• _REQUIRED WORK_:
Of all the lines in the entries below, give again exactly those starting at the line containing "Kalash men dancing" and ending at the line containing "NT2C Prime Basketball", both ends included, and no others.

▼

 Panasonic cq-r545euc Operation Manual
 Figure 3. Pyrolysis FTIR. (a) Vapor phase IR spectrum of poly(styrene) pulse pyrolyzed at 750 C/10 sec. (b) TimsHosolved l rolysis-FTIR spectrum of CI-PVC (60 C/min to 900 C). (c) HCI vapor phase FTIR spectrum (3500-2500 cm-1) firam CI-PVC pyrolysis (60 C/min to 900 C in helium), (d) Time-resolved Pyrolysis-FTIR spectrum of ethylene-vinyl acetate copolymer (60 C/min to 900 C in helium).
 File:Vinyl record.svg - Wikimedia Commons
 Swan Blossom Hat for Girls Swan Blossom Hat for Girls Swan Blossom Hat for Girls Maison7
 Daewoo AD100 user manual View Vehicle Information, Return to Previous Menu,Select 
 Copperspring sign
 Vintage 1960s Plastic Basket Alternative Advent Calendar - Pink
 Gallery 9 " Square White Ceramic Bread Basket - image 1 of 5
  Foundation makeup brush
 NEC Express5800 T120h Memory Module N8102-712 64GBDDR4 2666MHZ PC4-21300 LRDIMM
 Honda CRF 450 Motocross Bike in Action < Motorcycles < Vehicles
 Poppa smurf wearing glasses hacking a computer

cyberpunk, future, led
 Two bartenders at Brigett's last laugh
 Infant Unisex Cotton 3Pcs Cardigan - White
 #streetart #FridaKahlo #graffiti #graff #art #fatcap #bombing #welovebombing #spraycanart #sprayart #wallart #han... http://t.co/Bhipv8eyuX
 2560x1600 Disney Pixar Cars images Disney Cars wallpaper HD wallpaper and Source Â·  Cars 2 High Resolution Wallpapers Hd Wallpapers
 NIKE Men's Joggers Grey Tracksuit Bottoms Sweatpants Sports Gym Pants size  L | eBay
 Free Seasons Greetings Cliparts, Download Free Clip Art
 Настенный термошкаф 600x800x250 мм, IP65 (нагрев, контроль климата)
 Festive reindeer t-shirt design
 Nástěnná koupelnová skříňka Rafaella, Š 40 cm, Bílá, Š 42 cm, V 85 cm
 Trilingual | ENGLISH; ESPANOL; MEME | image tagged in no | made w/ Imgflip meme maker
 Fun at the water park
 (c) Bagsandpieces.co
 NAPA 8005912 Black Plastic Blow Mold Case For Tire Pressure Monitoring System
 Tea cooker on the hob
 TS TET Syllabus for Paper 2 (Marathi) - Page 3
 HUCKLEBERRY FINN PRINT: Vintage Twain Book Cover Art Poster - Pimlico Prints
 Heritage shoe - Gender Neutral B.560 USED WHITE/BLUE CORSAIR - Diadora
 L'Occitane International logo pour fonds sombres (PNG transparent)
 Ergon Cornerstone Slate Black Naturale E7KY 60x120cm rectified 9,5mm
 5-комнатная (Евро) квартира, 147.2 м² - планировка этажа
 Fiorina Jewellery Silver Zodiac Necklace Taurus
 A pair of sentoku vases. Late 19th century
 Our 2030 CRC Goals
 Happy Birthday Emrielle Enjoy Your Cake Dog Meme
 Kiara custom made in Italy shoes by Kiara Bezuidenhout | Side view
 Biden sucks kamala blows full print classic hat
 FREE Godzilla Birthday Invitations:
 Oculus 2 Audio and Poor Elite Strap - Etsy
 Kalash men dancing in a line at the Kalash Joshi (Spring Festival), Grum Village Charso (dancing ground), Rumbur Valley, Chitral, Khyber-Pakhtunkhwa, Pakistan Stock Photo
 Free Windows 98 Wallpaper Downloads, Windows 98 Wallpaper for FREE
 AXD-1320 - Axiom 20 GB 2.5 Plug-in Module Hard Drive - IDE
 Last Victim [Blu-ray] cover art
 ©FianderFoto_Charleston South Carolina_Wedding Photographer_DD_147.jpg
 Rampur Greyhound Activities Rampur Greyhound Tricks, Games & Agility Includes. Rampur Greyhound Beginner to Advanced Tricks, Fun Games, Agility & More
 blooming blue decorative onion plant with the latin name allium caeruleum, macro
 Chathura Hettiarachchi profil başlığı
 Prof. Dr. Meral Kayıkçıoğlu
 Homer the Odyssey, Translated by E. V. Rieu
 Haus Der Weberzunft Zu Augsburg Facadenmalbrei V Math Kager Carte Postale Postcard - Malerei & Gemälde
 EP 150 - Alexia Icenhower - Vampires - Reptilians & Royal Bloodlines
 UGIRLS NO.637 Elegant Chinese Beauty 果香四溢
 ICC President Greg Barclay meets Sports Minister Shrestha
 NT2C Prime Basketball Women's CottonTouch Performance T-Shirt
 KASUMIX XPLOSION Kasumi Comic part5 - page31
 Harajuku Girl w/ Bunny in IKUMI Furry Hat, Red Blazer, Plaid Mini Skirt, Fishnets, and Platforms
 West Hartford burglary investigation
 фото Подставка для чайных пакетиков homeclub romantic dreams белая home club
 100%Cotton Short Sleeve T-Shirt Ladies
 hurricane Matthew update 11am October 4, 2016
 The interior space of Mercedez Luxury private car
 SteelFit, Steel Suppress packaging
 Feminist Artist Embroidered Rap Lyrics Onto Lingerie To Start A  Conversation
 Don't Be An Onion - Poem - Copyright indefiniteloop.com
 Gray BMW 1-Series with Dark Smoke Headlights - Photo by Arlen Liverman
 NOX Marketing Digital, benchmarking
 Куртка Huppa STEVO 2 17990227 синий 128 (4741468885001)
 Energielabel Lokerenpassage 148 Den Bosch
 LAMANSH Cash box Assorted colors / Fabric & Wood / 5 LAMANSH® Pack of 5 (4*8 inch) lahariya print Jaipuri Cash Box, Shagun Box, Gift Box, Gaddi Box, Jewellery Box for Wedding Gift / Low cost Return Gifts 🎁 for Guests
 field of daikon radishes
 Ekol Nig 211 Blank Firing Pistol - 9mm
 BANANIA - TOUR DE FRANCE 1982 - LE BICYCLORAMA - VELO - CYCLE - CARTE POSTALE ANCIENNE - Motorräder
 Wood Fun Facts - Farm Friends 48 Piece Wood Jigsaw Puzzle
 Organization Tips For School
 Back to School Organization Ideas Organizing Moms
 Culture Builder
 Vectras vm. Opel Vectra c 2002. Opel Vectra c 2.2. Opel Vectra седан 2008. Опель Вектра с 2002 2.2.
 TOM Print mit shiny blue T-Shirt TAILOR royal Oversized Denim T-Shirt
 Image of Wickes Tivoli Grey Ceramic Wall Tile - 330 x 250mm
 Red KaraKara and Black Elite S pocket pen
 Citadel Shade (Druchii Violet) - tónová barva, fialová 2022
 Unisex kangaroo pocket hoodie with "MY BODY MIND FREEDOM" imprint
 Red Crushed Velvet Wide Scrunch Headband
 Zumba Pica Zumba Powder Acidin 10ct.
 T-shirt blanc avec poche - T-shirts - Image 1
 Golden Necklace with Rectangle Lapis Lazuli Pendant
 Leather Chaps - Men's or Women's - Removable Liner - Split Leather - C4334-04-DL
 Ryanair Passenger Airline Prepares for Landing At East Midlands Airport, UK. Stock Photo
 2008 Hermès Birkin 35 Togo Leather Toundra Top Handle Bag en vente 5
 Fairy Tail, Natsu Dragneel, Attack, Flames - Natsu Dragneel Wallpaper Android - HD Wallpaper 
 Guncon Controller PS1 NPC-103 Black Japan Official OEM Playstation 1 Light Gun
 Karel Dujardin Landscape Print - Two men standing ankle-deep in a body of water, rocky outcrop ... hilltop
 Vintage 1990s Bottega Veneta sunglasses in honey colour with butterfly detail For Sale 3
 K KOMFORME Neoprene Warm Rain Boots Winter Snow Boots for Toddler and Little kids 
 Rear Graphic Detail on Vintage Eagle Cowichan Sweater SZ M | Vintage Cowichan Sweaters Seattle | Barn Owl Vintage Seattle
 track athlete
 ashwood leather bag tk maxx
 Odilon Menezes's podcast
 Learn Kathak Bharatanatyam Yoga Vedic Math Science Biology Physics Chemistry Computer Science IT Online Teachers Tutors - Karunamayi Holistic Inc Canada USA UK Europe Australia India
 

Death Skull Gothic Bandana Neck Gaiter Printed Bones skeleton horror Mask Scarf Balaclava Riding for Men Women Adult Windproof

▲

• _FINISHED TASK_:
 Kalash men dancing in a line at the Kalash Joshi (Spring Festival), Grum Village Charso (dancing ground), Rumbur Valley, Chitral, Khyber-Pakhtunkhwa, Pakistan Stock Photo
 Free Windows 98 Wallpaper Downloads, Windows 98 Wallpaper for FREE
 AXD-1320 - Axiom 20 GB 2.5 Plug-in Module Hard Drive - IDE
 Last Victim [Blu-ray] cover art
 ©FianderFoto_Charleston South Carolina_Wedding Photographer_DD_147.jpg
 Rampur Greyhound Activities Rampur Greyhound Tricks, Games & Agility Includes. Rampur Greyhound Beginner to Advanced Tricks, Fun Games, Agility & More
 blooming blue decorative onion plant with the latin name allium caeruleum, macro
 Chathura Hettiarachchi profil başlığı
 Prof. Dr. Meral Kayıkçıoğlu
 Homer the Odyssey, Translated by E. V. Rieu
 Haus Der Weberzunft Zu Augsburg Facadenmalbrei V Math Kager Carte Postale Postcard - Malerei & Gemälde
 EP 150 - Alexia Icenhower - Vampires - Reptilians & Royal Bloodlines
 UGIRLS NO.637 Elegant Chinese Beauty 果香四溢
 ICC President Greg Barclay meets Sports Minister Shrestha
 NT2C Prime Basketball Women's CottonTouch Performance T-Shirt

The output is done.